Tax Witholdings and Savings Questions

Recently, a reader of Money360 ed me with an interesting question about tax withholdings:

With the tax year over, we get to see what we owe the IRS and the State in taxes. Normally we have our employers withhold amounts and send them to those entities, where they sit doing nothing. Alternatively we could withhold nothing, and instead set that money aside in (for example) and HSBC Direct account. This could potentially be a lot of money gaining interest for you, rather than sitting in the government’s coffers doing nothing.

Obviously the trick is to actually set that money aside and not spend it, and then to set aside at least the correct amount. I’m pretty sure I’d be safe using the previous year’s taxes due as a good estimate. Just wondering what you and/or your readers might think of this.

If you look at this situation with some huge blinders on, then my reader is absolutely correct. You can keep your own tax withholdings, invest them yourself, and then just write a check for your income tax. Look at the federal taxes withheld on your last pay stub for the previous year; you could easily earn another 2.5% on that amount for your pocket before you even write a check for taxes.

But let’s take the blinders off and realize the truth: you are opening yourself up to a huge amount of risk by doing this. How?

You’re relying on your own calculations of what you’ll need for your income tax.
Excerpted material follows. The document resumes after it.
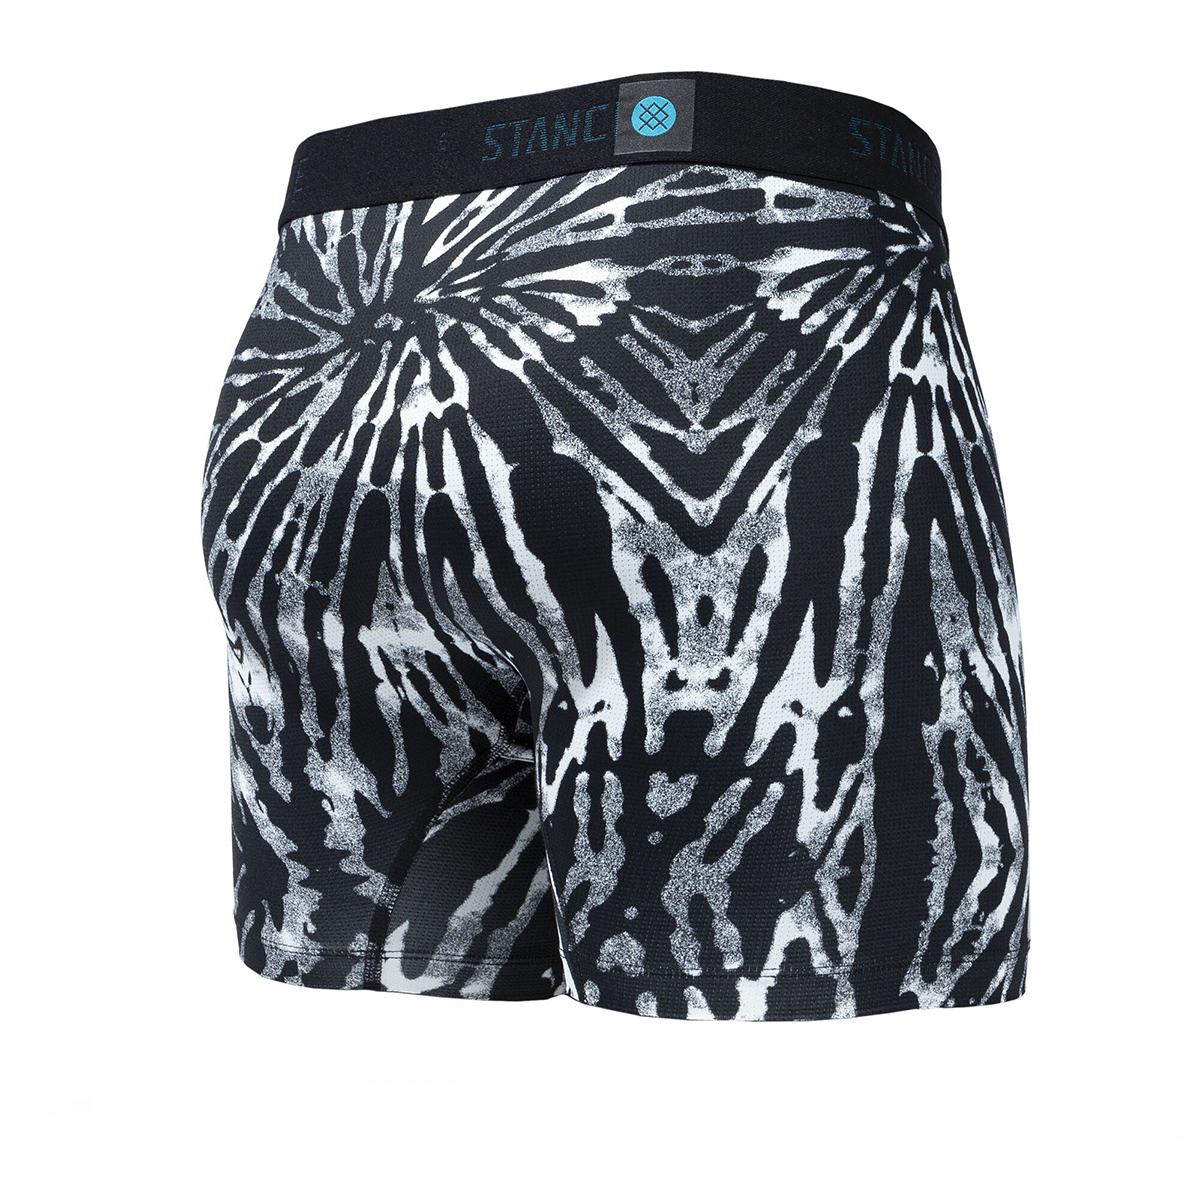 Men's Stance Helquist Boxer Brief Wholester - Color: Black/Grey - Size: S, Black/Grey, large, image 2

You could use your previous year’s amount as a guideline, but the truth is that if there are income tax changes or changes in your own income, that amount is going to change and could change drastically. If you make a mistake here, it could be a big problem come tax time.

You’re taking money that is effectively untouchable and making it easily accessible. Suddenly, that money which you couldn’t touch before is suddenly sitting there in a savings account. Thousands of dollars. Can you resist the temptation to withdraw a little for a big date, or for a new refrigerator? Suddenly, you find yourself on tax day without enough money to cover the account.

The IRS is not impressed if you “don’t have money” to pay your taxes. The penalties for messing this up are severe: the IRS isn’t a patient and friendly organization and they will go after you if you don’t have the cash to pay.

These are significant risks that you should never overlook when considering such a thing. Because of these risks, I don’t recommend following this plan; you take a situation where your taxes are covered and turn it into a situation where there is risk. Given the penalties, that risk simply isn’t worth it.